I wonder if any of you can help me with this - as I've had some great advice from this board in the past.

I teach level 3 at an FE college. I have 15 boys and 4 girls in my class. They are aged 16-18.

On the whole I have gotten on fine with the class since September, but I'm now realising I have no problems with the boys only with the girls.

The girls are loosely in two groups, but on the whole get on well with each other. They are all planning on going to uni, and generally they attend and do their work.

They are just really rude and antagonist to me in the class. I don't really know how to deal with it. I get the feeling they hate my guts, and they are ganging up on me. But one on one I get on fine with each one of them.

I meet them for one on one sessions at least fortnightly where I am positive and encouraging and feel we have a good connection. But in the group situation they are appallingly rude to me.

I have been teaching for 2 years, and previously worked in an office for 15 years. So In discipline situations I act like I would in an office- and not like a teacher. 2 of the girls are 18, so in many ways talking adult- adult should be appropriate here.

But they are so disrespectful to my face on a continuous basis, it has got to the point that some of the boys have called them out on it before I can.

I am struggling as it is also underhanded disrespect, like saying nothing to my face while I'm trying to talk to them, but sneering and making eye contact with their friends either while I'm doing it, or even before my back is turned.

The other male teachers have no problem with them - and I know it is a female- female issue, which is why I haven't really asked them for advice. Also on paper the girls are great, they have much better quality of work and attendance than many of the boys. So there is nothing concrete for me to deal with apart from their attitude, much of that is hidden in sneering eye contact- so I can't even pull them up on having said something.

I feel I'm being humiliated on a daily basis - and also undermined in front of the class.

For the record I am a good teacher and have had consistently grade 1 and grade 2 observations.

Any help or advice welcome!

PurpleDaisies Tue 25-Apr-17 21:05:34

Stop thinking of it as a female-female issue. Talk to the other teachers and find out what they do fit discipline.

Presumably there's a code of conduct/behaviour management plan? You need to apply it absolutely consistently.

I'd spend time making your classroom rules clear and you need to toughen up and enforce them.

PurpleDaisies Tue 25-Apr-17 21:06:42

I forgot to say, the most important thing is not to take it personally.

thepennyshop Tue 25-Apr-17 21:16:57

Thanks purple my main colleague doesn't want to talk about it with me, as he has no problem with them. We also don't have a major code of conduct that we all talk about as most of the department is sessional so we come in and out and do our own thing.

I have made a big deal about obvious rules like no mobile phones. But I don't know how I can call them out on sneering eye contact.

Today as I was trying to talk privately to one of the girls she was more concerned with looking past me to her friend so she could roll her eyes to her to slag me off as I was in the middle of talking to her.

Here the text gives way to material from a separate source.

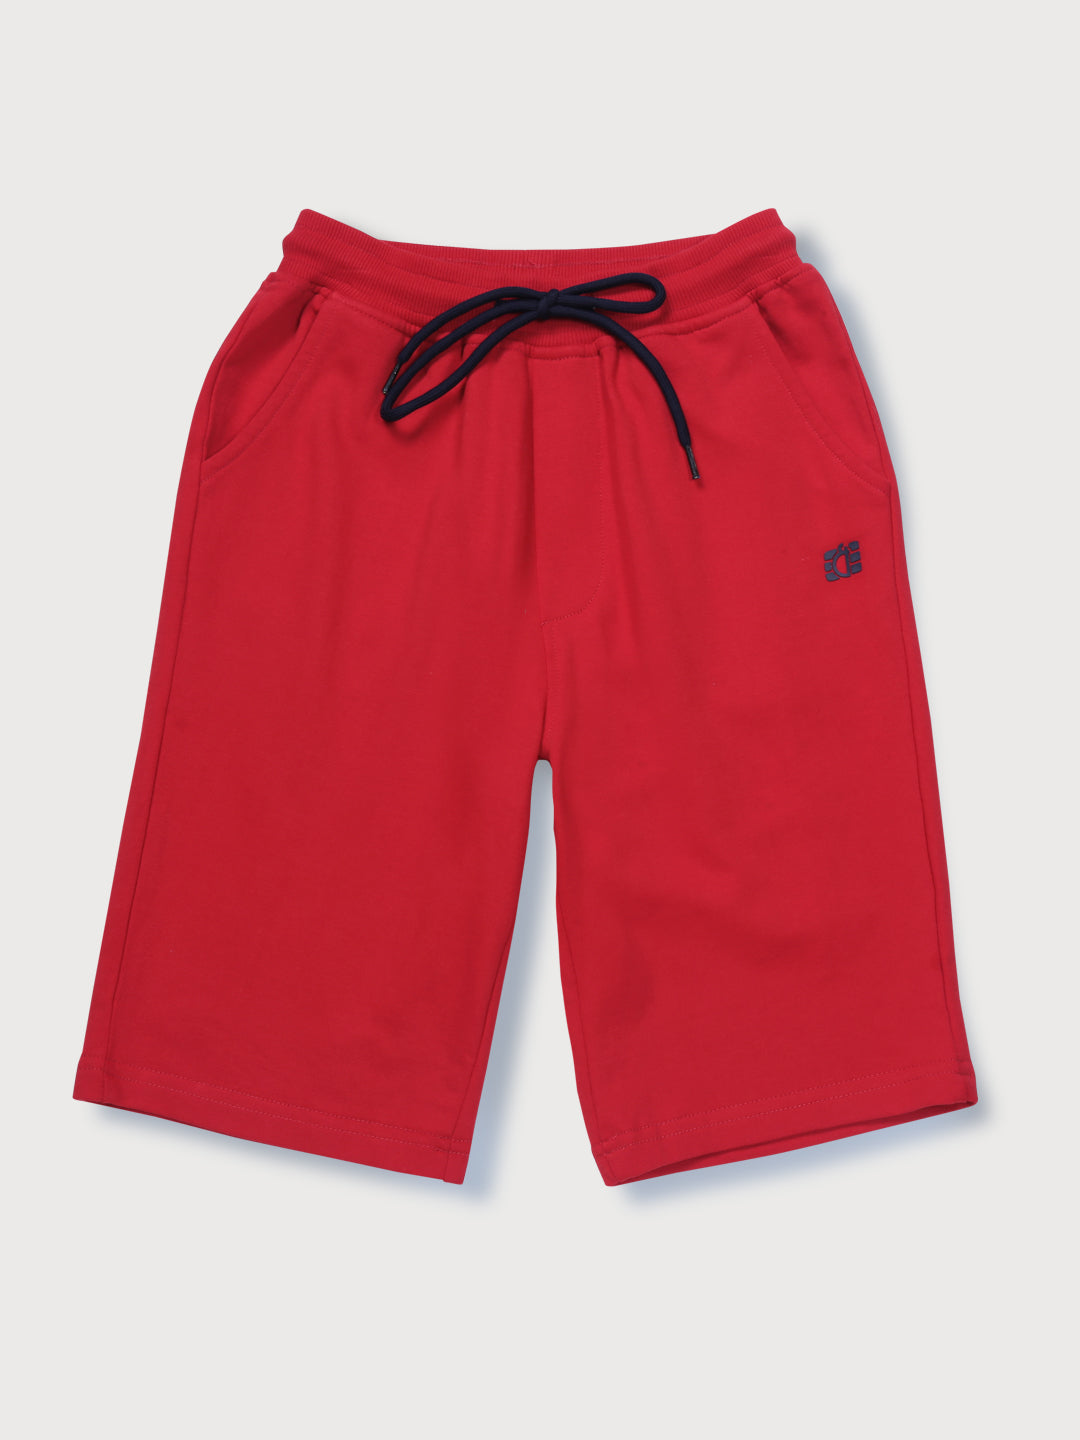 Boys Red Solid Knits Bermuda

It's so rude and disrespectful and I didn't know what to say.

I agree overall with not taking it personally, as they have all left school for a reason, I just feel I'm being made a fool of in the class

Shadowboy Tue 25-Apr-17 21:21:40

Have you ever called them out in it? Girls hold grudges, boys don't. I teach FE too (19 years now and I've found with girls I have to quietly call them out on it)

If I see something, it goes a bit like this...
Me-Beth do you have a problem with your eyes?
Beth- no?
Me- oh, well I thought you had something in your eye, either that or you rolled your eyes at me.
Beth- I didn't
Me- great, glad nothing is affecting your vision.

I would do this out loud, I've never had issues with raising poor behaviour in front of the class. Make it clear you know and have seen it/picked up on it. I'm the same with phones. If I see them doing a sneaky peek under the table I as them what is wrong with their legs that requires them to stare under the table.....

If they talk while I'm talking I ask them to repeat what I just said.

However I'm quite tough in all honesty (e.g. If they don't hand in HW without prior contact I kick them out to do it)

I don't tend to have a girl issue but so find them to be trickier to 'bring round'

PurpleDaisies Tue 25-Apr-17 21:22:05

Today as I was trying to talk privately to one of the girls she was more concerned with looking past me to her friend so she could roll her eyes to her to slag me off as I was in the middle of talking to her. It's so rude and disrespectful and I didn't know what to say.

Was she actually making rude comments about you in front of you or was she rolling her eyes?

I wouldn't have students with an attitude like that in my class. It sounds like they need a proper stamping on. Who is your line manager/is there a college principal type figure? The sixth forms I've been in have been attached to schools which sounds slightly different to your situation by student just wouldn't be allowed to behave like that.

OnTheUp13 Tue 25-Apr-17 21:25:54

When I was teaching older girls I used to say things like "you understand that eye rolling and being passive aggressive with me is really rude?" Or if you can slip in "Women building up other women is the way feminism is going to grow. Not women rolling their eyes at other women and making sniping comments"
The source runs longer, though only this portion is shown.